The decisive issue in the energy area, was not about funding for the national labs, but rather whether to remove an offshore drilling ban that has been in effect since 1986, a matter that was effectively decided a few days earlier when the House removed the language from the bill.
“A CR puts off for today the divergent funding priorities between the Senate and House, when it comes to our labs. But stabilized FY2008 funding levels are acceptable when compared to alternatives that would impose arbitrary cuts to the labs’ national security work,” Domenici said after House voted and the plan was finalized. “Under this situation, the weapons activities numbers are better than if we had to split the difference with the House-passed level.”
Domenici said his request for the National Infrastructure Simulation and Analysis Center of $20 million had been included in the bill, $4 million over the budget request, but equal to current funding.
NISAC is a joint Sandia-Los Alamos labs program to protect the nation's critical infrastructure from manmade or natural disasters.
Domenici also requested $5 million for the High-Speed, High-Volume Laboratory Network for Infectious Diseases, a project involving both Los Alamos National Laboratory and UCLA.

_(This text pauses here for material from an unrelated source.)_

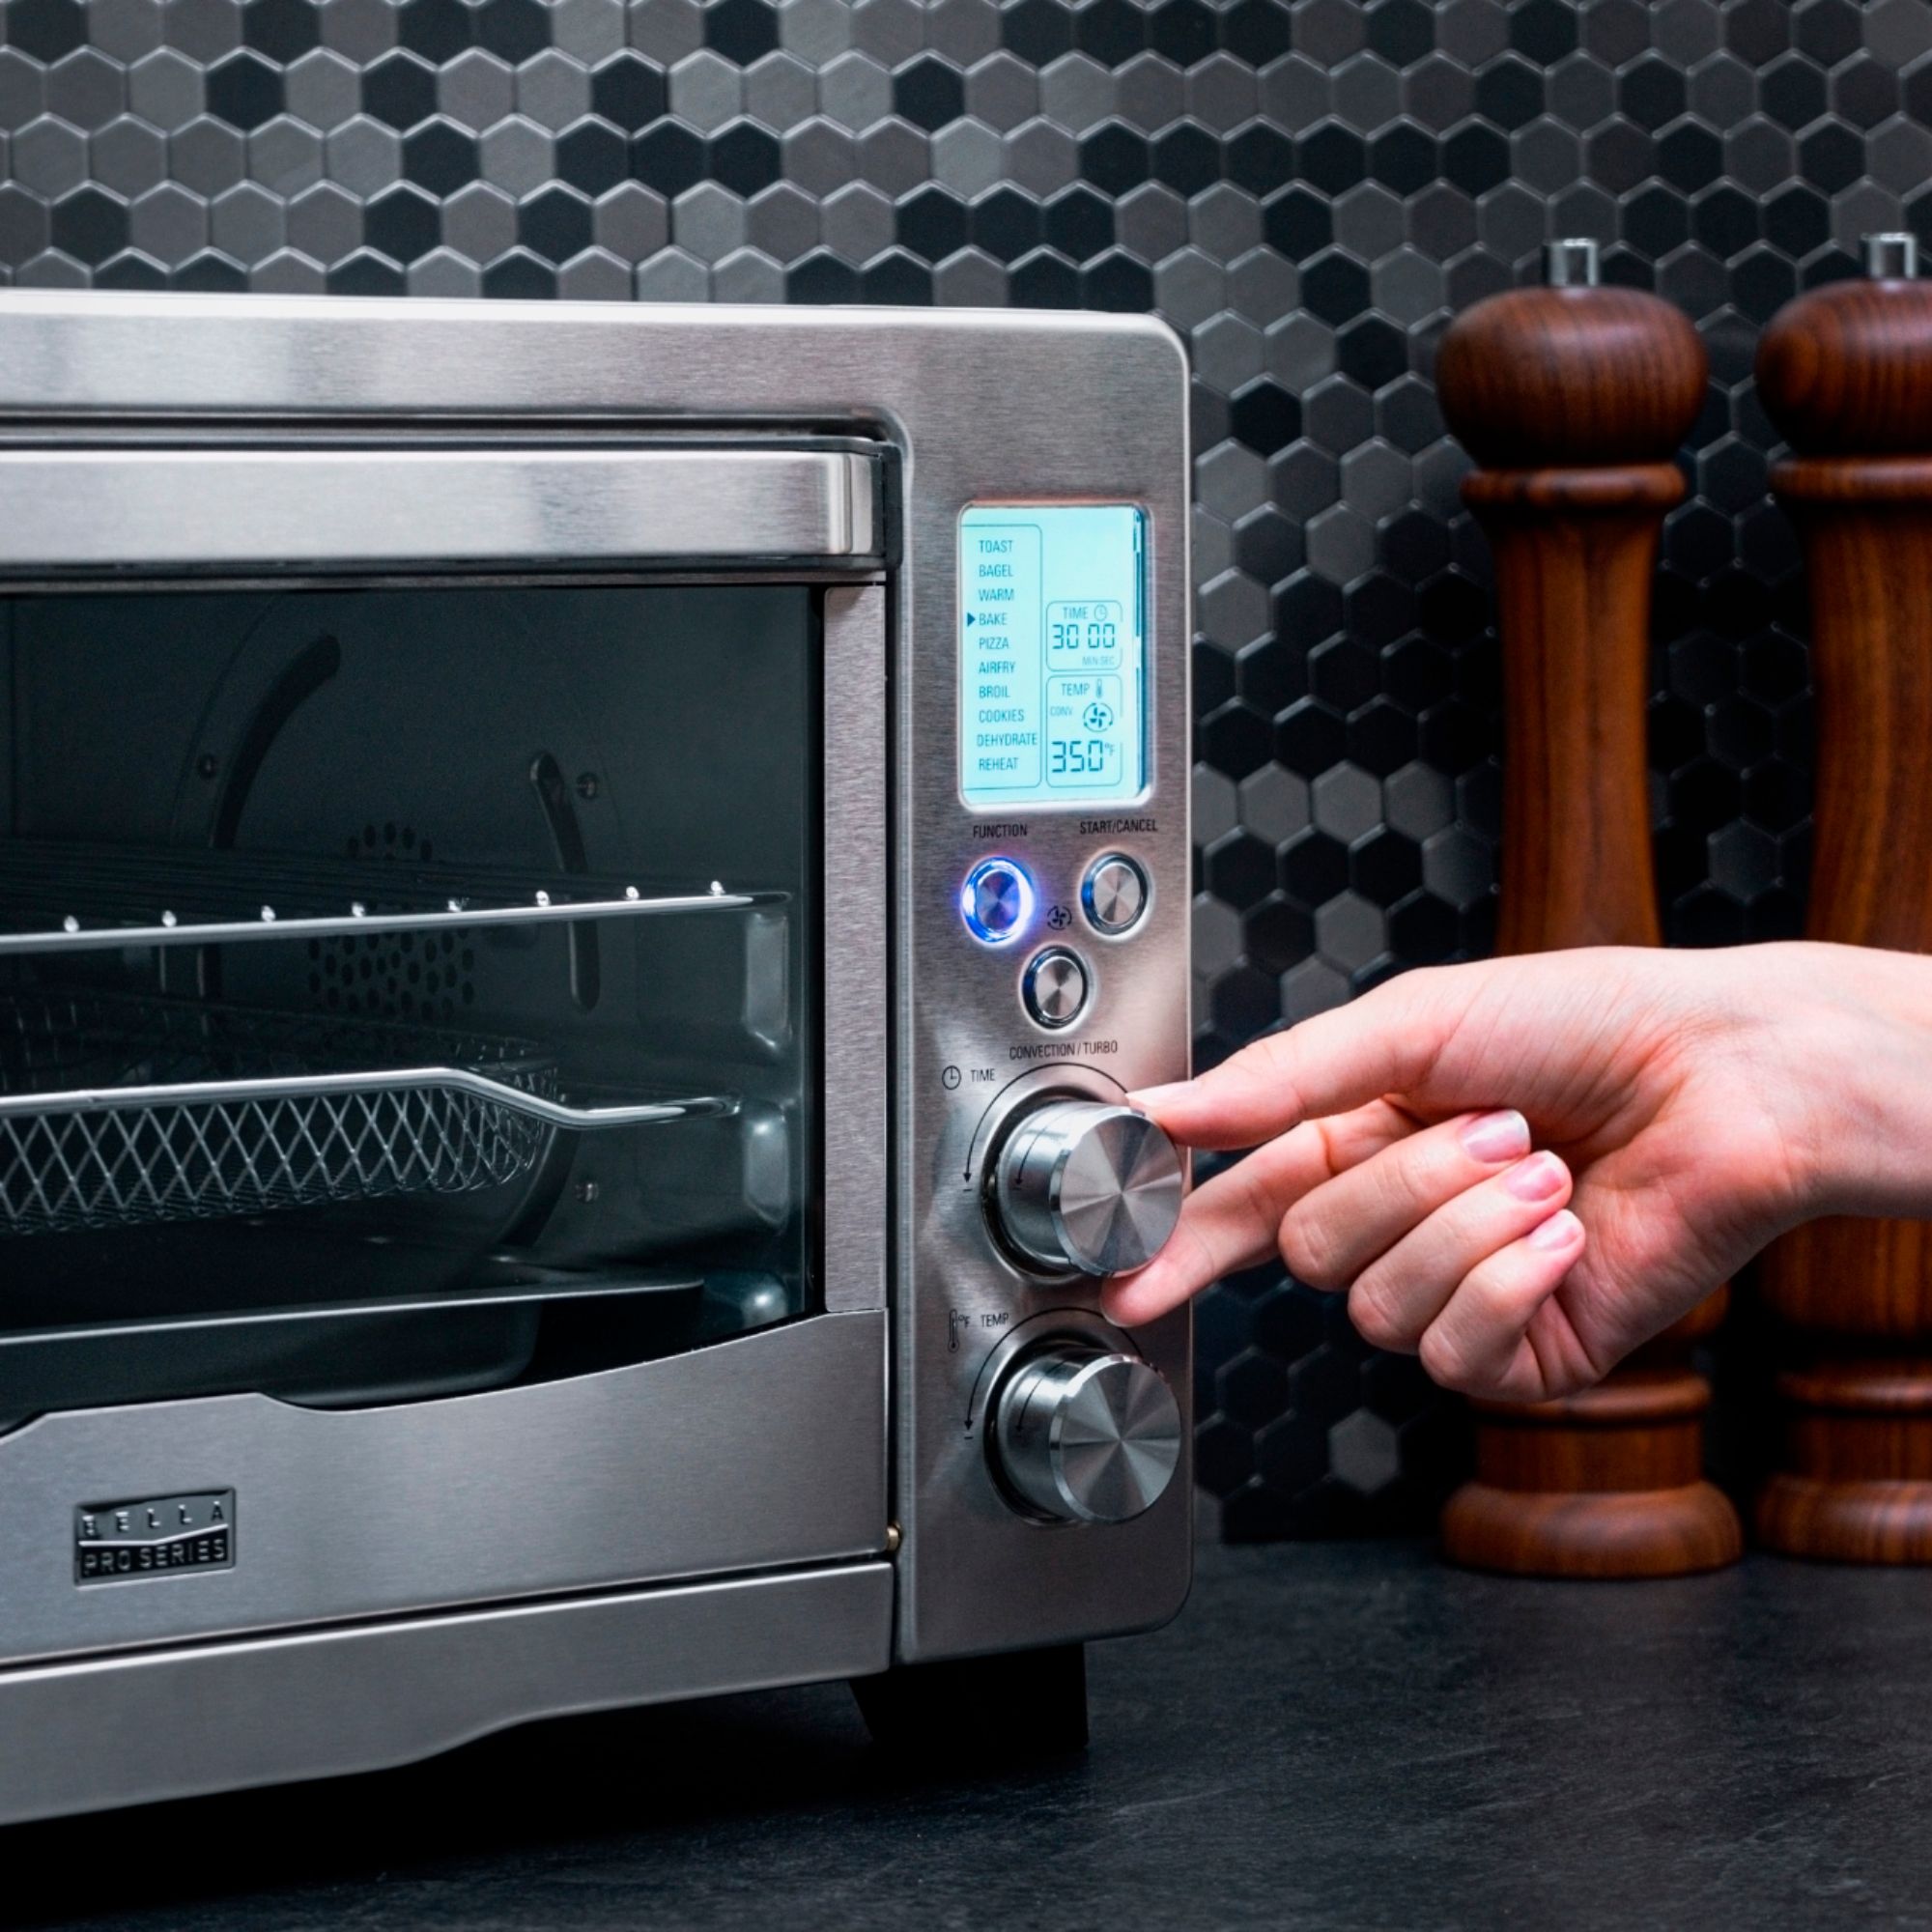 Best Buy: Bella Pro Series 2-Slice Extra-Wide-Slot Toaster Copper 90098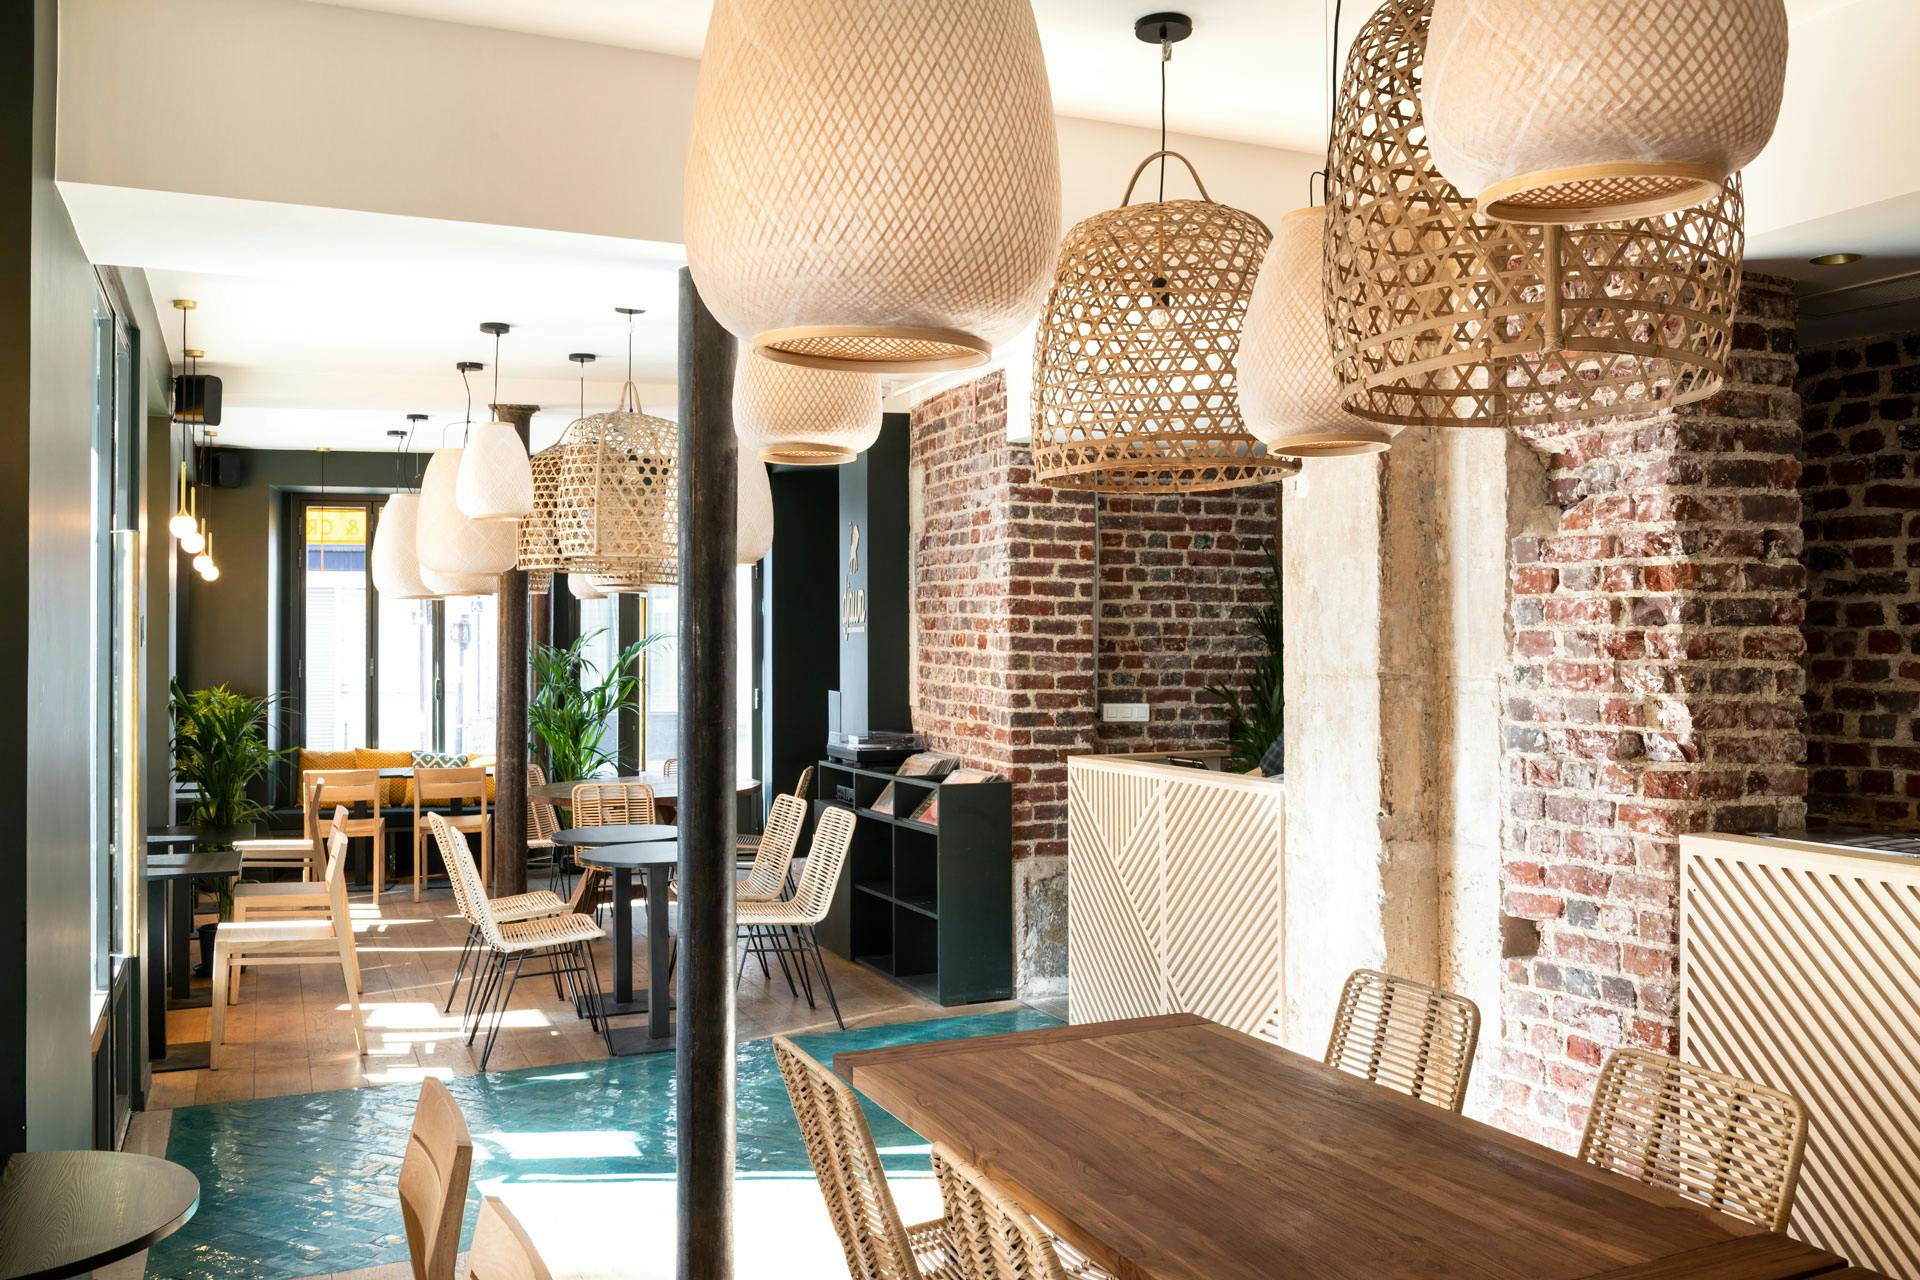 Djawa - restaurant - interior architecture - Paris - wood - brick - indonesian

The project aims to establish a network of high-throughput automated laboratories that can process and test deadly human and animal pathogens.
The proposal would give government officials faster access to critical information in the event of an infectious disease outbreak.
Tucked into the Senate’s business Saturday, Sen. Pete Domenici marked another milestone in his 36-year history of service to the state of New Mexico.
As reported by the Associated Press, Domenici said in his ceremonial “farewell speech” that the time had flown by and that it was hard to imagine and manage life after the Senate.
“The time in the Senate when you look at it day-by-day is wrenching, is difficult, is so hard. But when you look at it over 36 years, it’s like a hurricane. It just blew by, and all of a sudden it’s 36 years and you’re gone,” Domenici said.
He said he and his wife, Nancy, have not decided whether to live in the Washington area or in New Mexico and he wasn’t sure what he’d do without the daily debates in the chamber.
“If I don’t have any of that around, I don’t know what kind of person I’m going to be. There’s nothing to do that to me. Maybe I’ll just fade away, but I hope not,” Domenici said.
Domenici said his work with Sandia and Los Alamos national laboratories made him somewhat of an expert on nuclear power, helping him bring nuclear power back into the nation's energy mix.
He said there are 26 1,000-megawatt nuclear units pending before the Nuclear Regulatory Commission.
“I’m proud to tell you that nuclear power is in a renaissance posture, and I take a little bit of credit for it,” he said.
As the last crisis of his Senate career was playing out, Domenici said he was certain the Senate will help solve the nation’s turmoil.
Domenici called his Senate career a “magnificent opportunity.”
Domenici decided not to seek re-election after being diagnosed with an incurable brain disease. Congressmen Tom Udall, a Democrat, and Steve
Pearce, a Republican, are battling to replace him in the Nov. 4 election.